= Aim of the task =
Starting with the line that holds "2021 Harley-Davidson Low" and stopping after the line that holds "European Association for", repeat the lines below word for word, without the pictures.

= Material for this exercise =

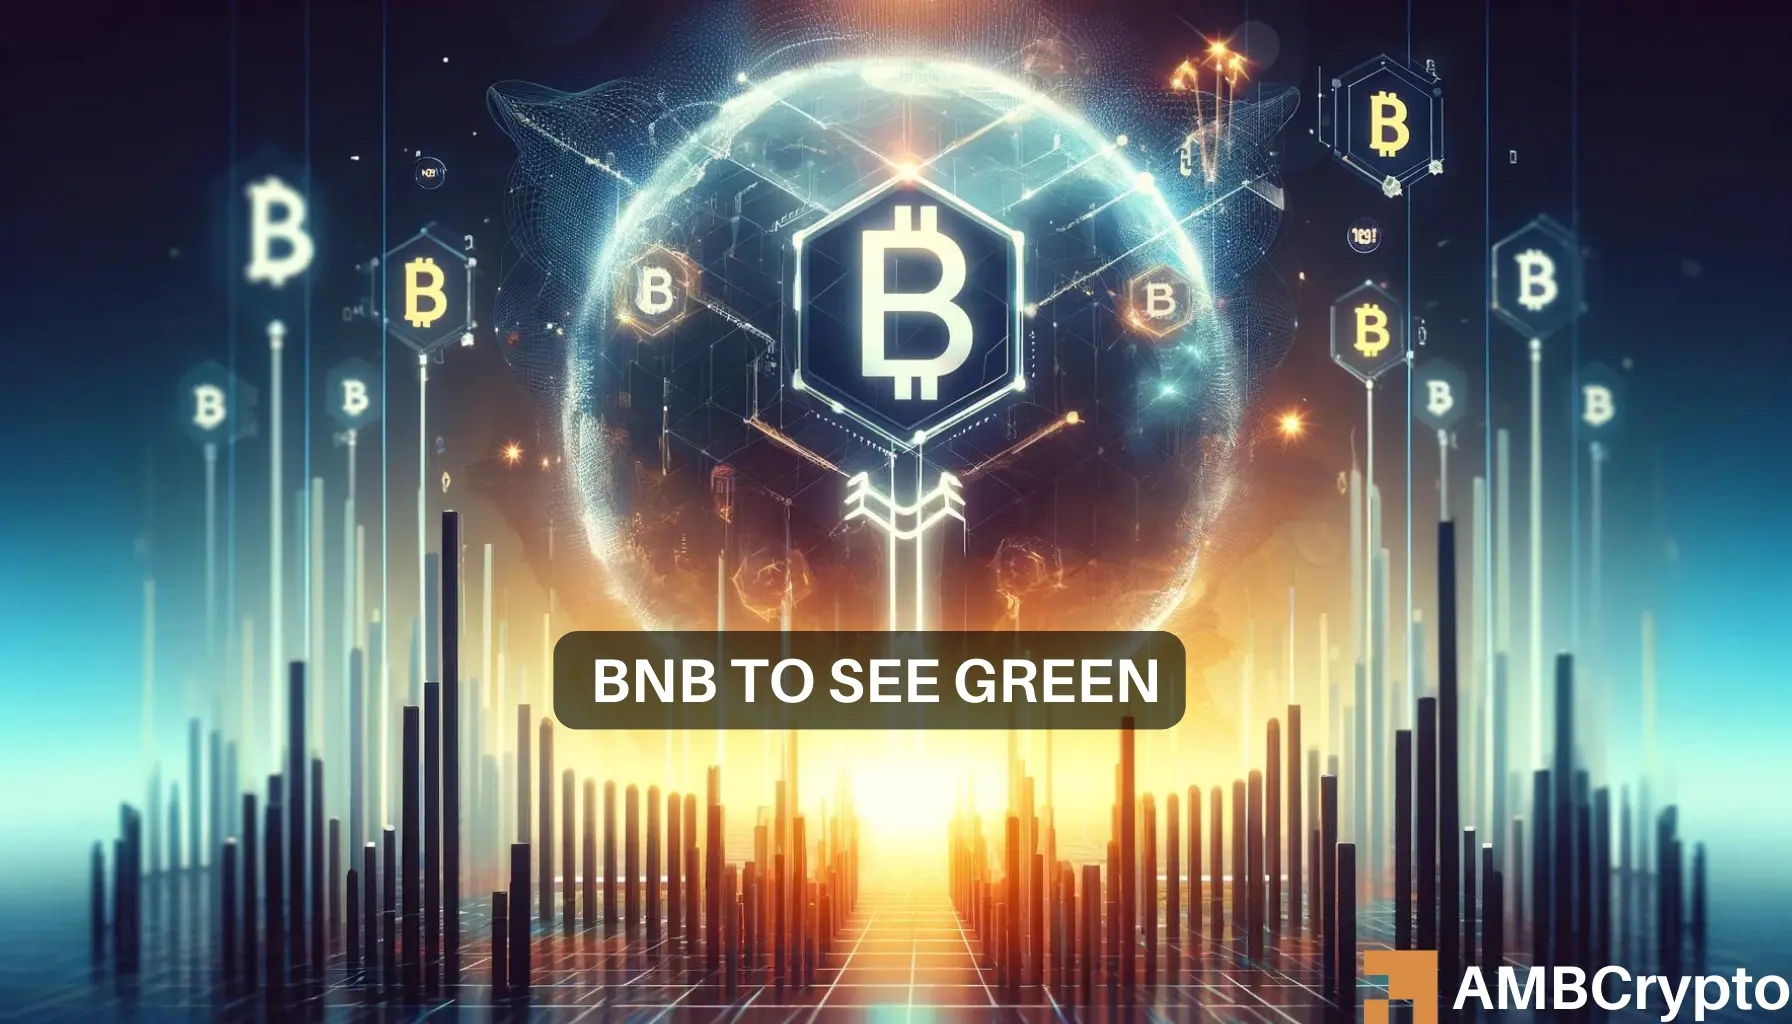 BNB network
* * *
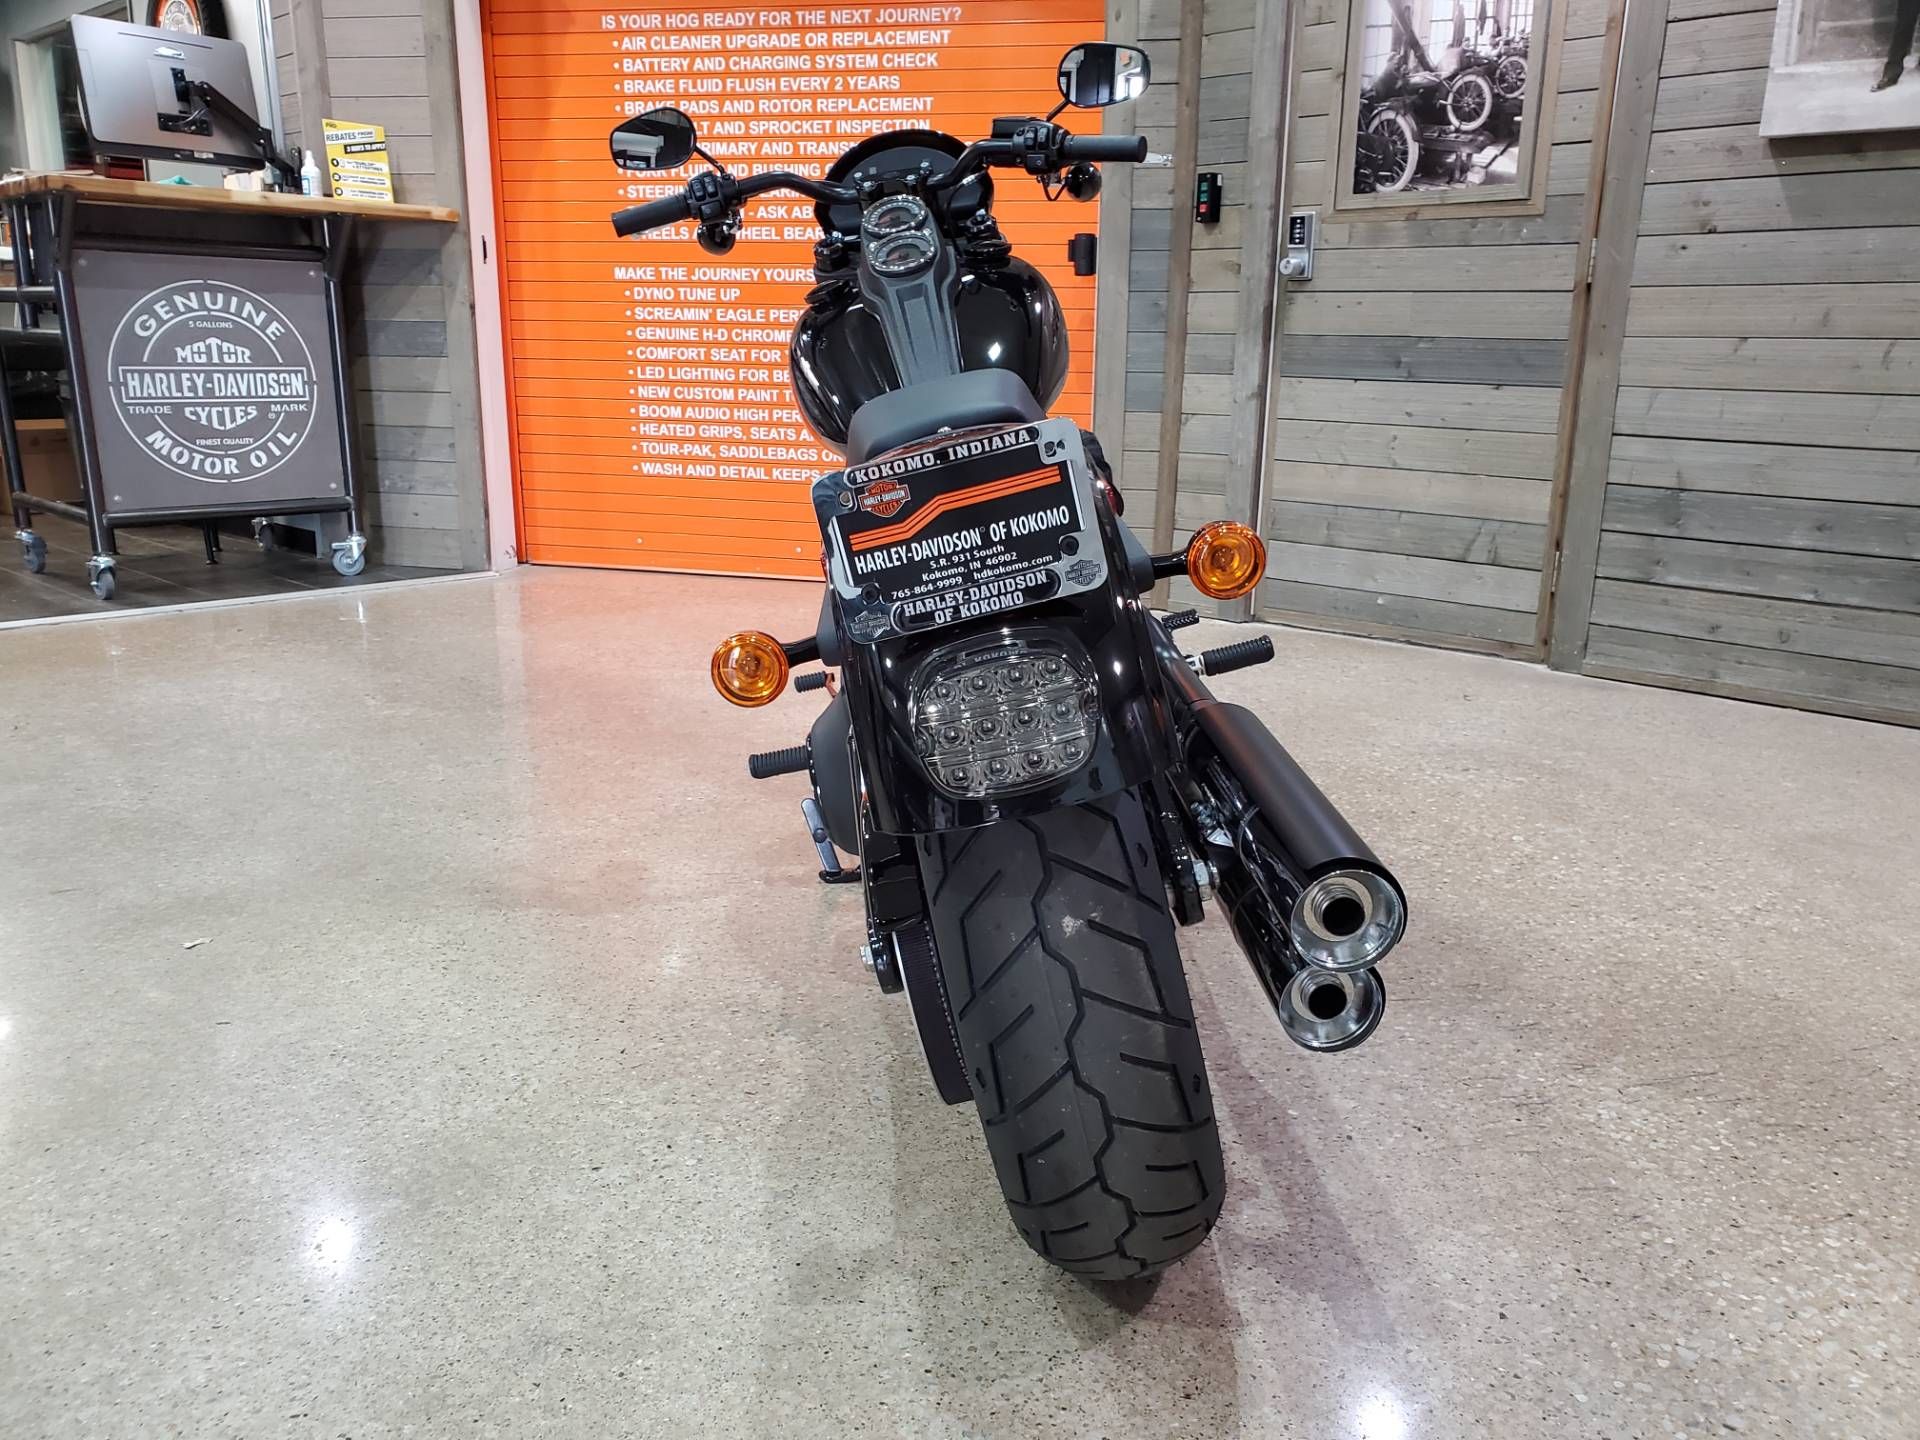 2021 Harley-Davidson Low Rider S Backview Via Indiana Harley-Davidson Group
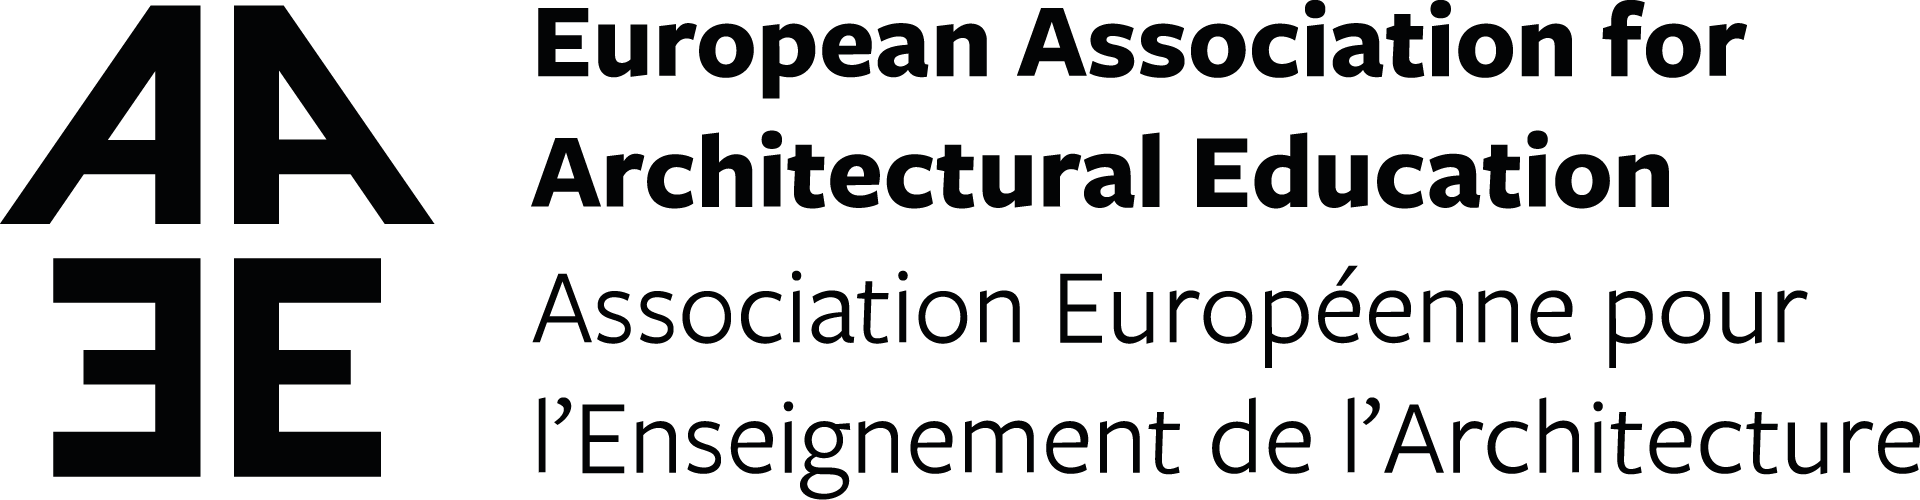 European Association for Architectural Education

= Solved problem =
 2021 Harley-Davidson Low Rider S Backview Via Indiana Harley-Davidson Group
 European Association for Architectural Education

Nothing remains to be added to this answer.